From the desire of having a callback function which includes a void* userdata argument, I've made this generic event class.

It is tested and working, but some desired features are missing

  • Allow to have a parameter less event with no userdata
  • Allow to specify a TResult template argument, for example to have operator() returns bool instead of void.

Also I do not like the fact that

  • TUserData is turned into a pointer for _userdata and into a reference for the callback function argument. It does not seems intuitive enough to use.

The problem with adding a TResult, is that the operator() function will

  • Not compile, either because TResult is void and it tries to return a value, or because TResult is not void and it does try to return something.
  • Have to return a default value when _func is null.

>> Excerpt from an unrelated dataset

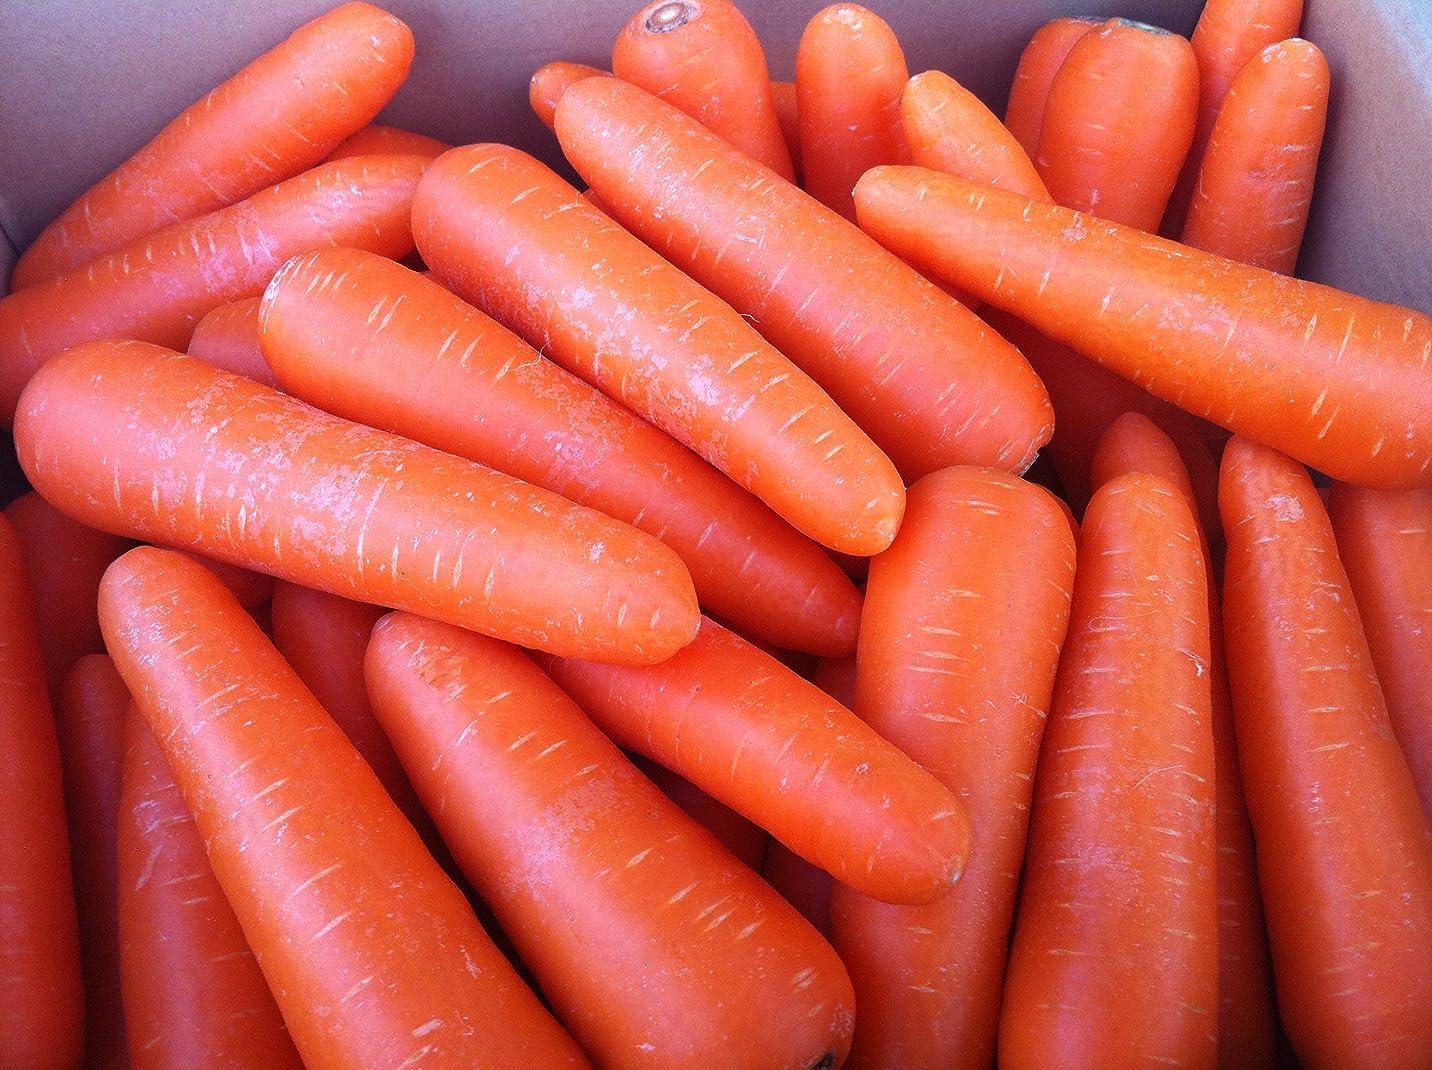 おブラウス専門化する北海道産 野菜セット 旬の新鮮お野菜詰め合わせ 7品種以上 80サイズ 約4?5kg 調理しやすい常備野菜がメインのつめあわせ
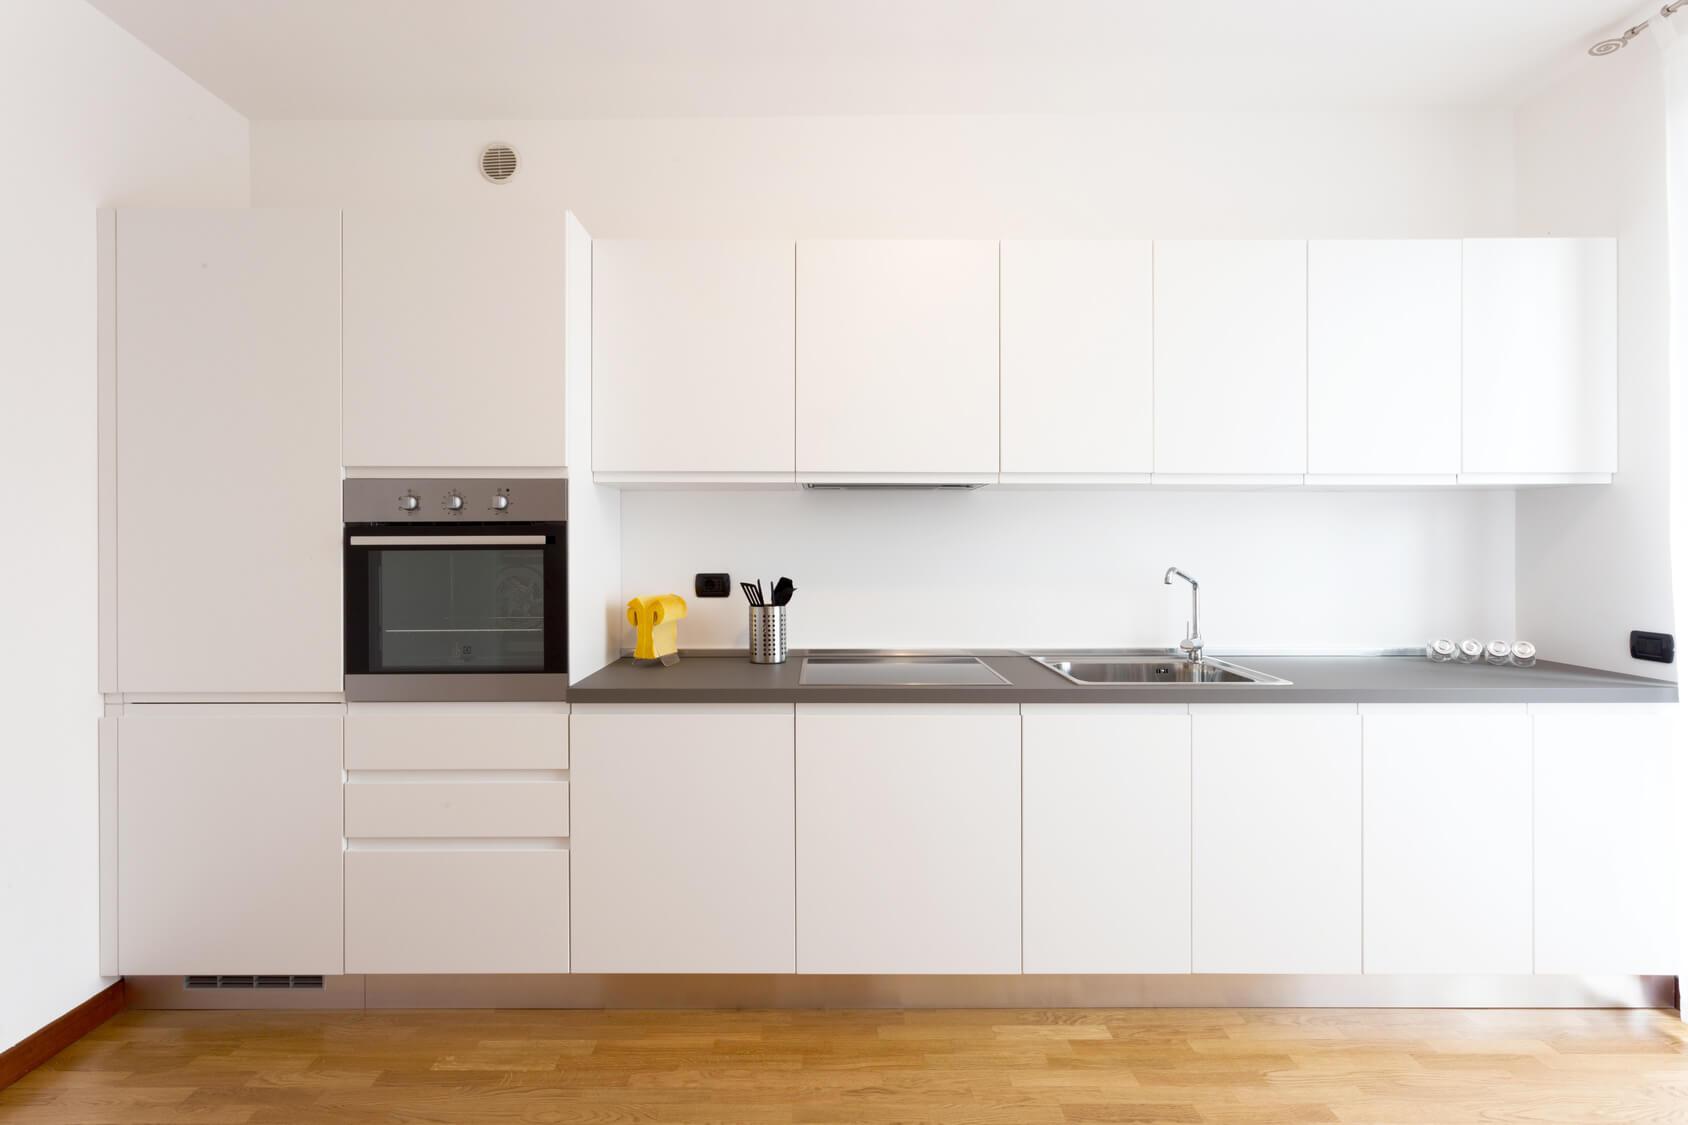 Cocina funcional en puerta canteada blanca y tirador de uñero

I've looked into template partial specialization but it does not seem to be a solution. Or does it?
Would using concepts be of any help?
Any generic improvements to be made?

event.hpp

#pragma once
namespace shoujin {
template<typename TUserData, typename... TArguments>
class Event {
    using TFunc = void (*)(TArguments..., TUserData&);
    TFunc _func;
    TUserData* _userdata;

public:
    Event() :
        _func{}, _userdata{}
    {}

    Event(TFunc func, TUserData& userdata)
    {
        _func = func;
        _userdata = &userdata;
    }

    Event& operator=(const Event& rhs)
    {
        _func = rhs._func;
        _userdata = rhs._userdata;
        return *this;
    }

    ~Event()
    {
        _func = nullptr;
        _userdata = nullptr;
    }

    void operator()(TArguments... args) const
    {
        if(_func)
            _func(args..., *_userdata);
    }

    operator bool() const
    {
        return _func != nullptr;
    }
};
}

event_test.cpp

#include "CppUnitTest.h"

using namespace Microsoft::VisualStudio::CppUnitTestFramework;

#define WIN32_LEAN_AND_MEAN
#include <Windows.h>
#include <tchar.h>
#include <shoujin/event.hpp>

using namespace shoujin;

TEST_CLASS(EventTest) {
    static void OnEventTwoParam(int x, int y, int& value)
    {
        value = x + y;
    }

public:
    TEST_METHOD(Event_IsCopyConstructible) {
        Assert::IsTrue(std::is_copy_constructible_v<Event<void*>>);
    }

    TEST_METHOD(Event_IsCopyAssignable) {
        Assert::IsTrue(std::is_copy_assignable_v<Event<void*>>);
    }

    TEST_METHOD(Event_IsMoveConstructible) {
        Assert::IsTrue(std::is_move_constructible_v<Event<void*>>);
    }

    TEST_METHOD(Event_IsMoveAssignable) {
        Assert::IsTrue(std::is_move_assignable_v<Event<void*>>);
    }

    TEST_METHOD(Event_WhenTwoParam_EventRaised) {
        //Arrange
        int value;
        Event<int, int, int> event_two_param(OnEventTwoParam, value);
        int x{3}, y{2};

        //Act
        event_two_param(x, y);

        //Assert
        Assert::AreEqual(x + y, value);
    }

    TEST_METHOD(Event_CopyAssignment_EventRaised) {
        //Arrange
        int value;
        Event<int, int, int> event_two_param;
        int x{3}, y{2};

        event_two_param = {OnEventTwoParam, value};

        //Act
        event_two_param(x, y);

        //Assert
        Assert::AreEqual(x + y, value);
    }

    TEST_METHOD(Event_OperatorBool_EventRaised) {
        //Arrange
        int value;
        Event<int, int, int> event_two_param;
        int x{3}, y{2};

        //Act
        bool before = event_two_param;
        event_two_param = {OnEventTwoParam, value};
        bool after = event_two_param;

        //Assert
        Assert::IsFalse(before);
        Assert::IsTrue(after);
    }
};

All criticism is much appreciated.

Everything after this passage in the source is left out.